Polymer materials can be cross-linked by various methods ²¹. For example, poly(2-cinnamoyloxyethyl methacrylate) (PCEMA) can be photocross-linked under ultraviolet (UV) light ²², and the same approach applies to coumarin-incorporated polymers ^23-25. Other well-known examples include polybutadiene, which is cross-linked by radical polymerization ²⁶, and poly(3-(trimethoxysilyl)propyl methacrylate) or poly(3-(triethoxysilyl)propyl methacrylate) that can be cross-linked by hydrolysis ^{27, 28}. The undegradable nature of these cross-linked polymer materials prevents disassociation ²⁹. Cross-linking polymer films can effectively increase their strength and stability. This makes them abrasion-resistant and resilient to internal stresses ^{3, 6}. However, cross-linking usually leads to a reduction in biodegradability and structural flexibility ^{30, 31}. These disadvantages restrict usage of these materials in biomedical applications ³².

A variety of cross-linking strategies were developed for the preparation of biodegradable (nano)materials. For example, Matyjaszewski and coworkers ^{33, 34} prepared degradable core-cross-linked star polymers and gels. These materials were prepared from disulfide-containing initiators and disulfide cross-linkers. Furthermore, they studied their redox-responsive degradation behaviors. Jiang et al. ³⁵ synthesized stepwise cleavable star polymers and polymeric gels by atom transfer radical polymerization and atom transfer radical coupling. The degradation of these two materials is based on redox-responsiveness of disulfide bond and base-catalyzed hydrolysis of ester bond. Qiao and Wiltshire ^{36, 37} reported a variety of degradable core-cross-linked star polymers by polymerizing bifunctional 4, 4'-bioxepanyl-7, 7'-dione and 2, 2-bis(ɛ-caprolactone-4-yl) propane as cores. The polymers have similar structures to PCL, thus the cores of the star polymer can be degraded under acidic conditions. Deng et al. ³⁸ prepared a self-healing hydrogel. The introduction of dynamic acylhydrazone linkages allowed a reversible sol-gel transition. This innovation attracted great interest in reversible cross-linking strategies ^{39, 40}. Other degradable gels with cross-linked structures were also reported ^{41, 42}. These examples utilize an uncontrolled cross-linking reaction that occurred simultaneously with the polymerization (or coupling reaction). Therefore, this characteristic limits the strategies to the formation of core-cross-linked star polymers and gels. And the strategies are not suitable for the preparation of polymer films, which require post-polymerization cross-linking to guarantee the morphology.

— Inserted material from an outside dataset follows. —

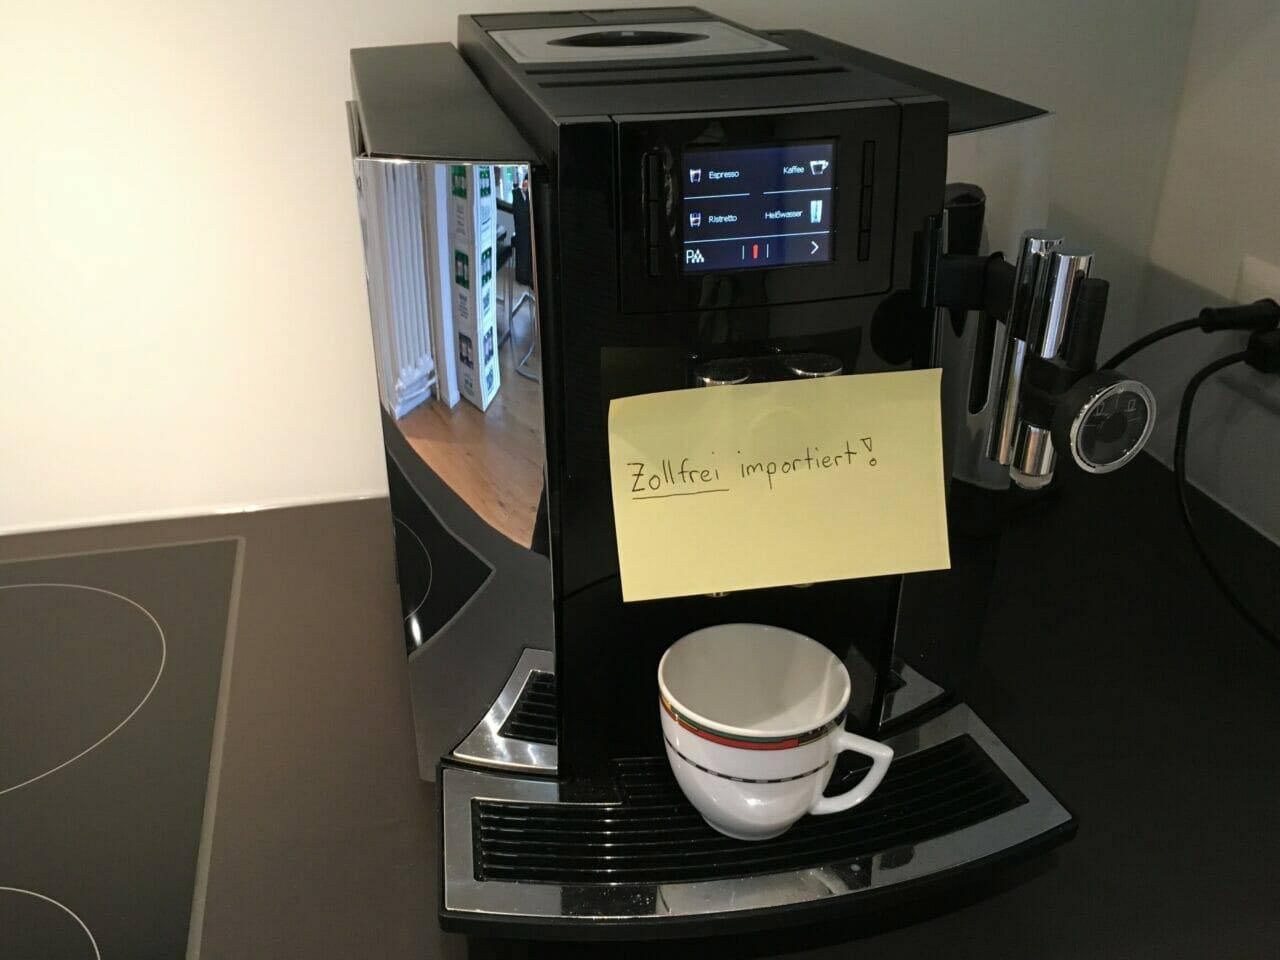 Kaffemaschine mit Notiz

Various PCL cross-linking strategies have been reported. Most literature examples describe un-controlled cross-linking strategies ^{43, 44}. However, functionalization of PCL via click chemistry was reported ⁴⁵. The same strategy can be used for the preparation of PCL-based polymer brushes ⁴⁶. Based on these methods, cross-linkable groups can be introduced to achieve controlled cross-linking of PCL. As a typical photocross-linkable functional group, cinnamate can be cross-linked using UV irradiation, which causes a [2 + 2] cycloaddition ^{47, 48}. Besides, cinnamate-derived compounds are generally nontoxic ⁴⁹ and therefore ideal for usage in biomedical applications. Our previous report demonstrated that UV irradiation can effectively cross-link dispersed cinnamate-containing polymersomes ⁵⁰. These cross-linked membranes can be degraded in an acidic environment, or with the usage of lipase. Moreover, the introduction of side groups attenuates the crystallization of PCL backbone. This makes the polymersome more susceptible to degradation. Varying the degree of cross-linking allows fine control over the degradability of membranes. This characteristic is also potentially applicable to polymer films.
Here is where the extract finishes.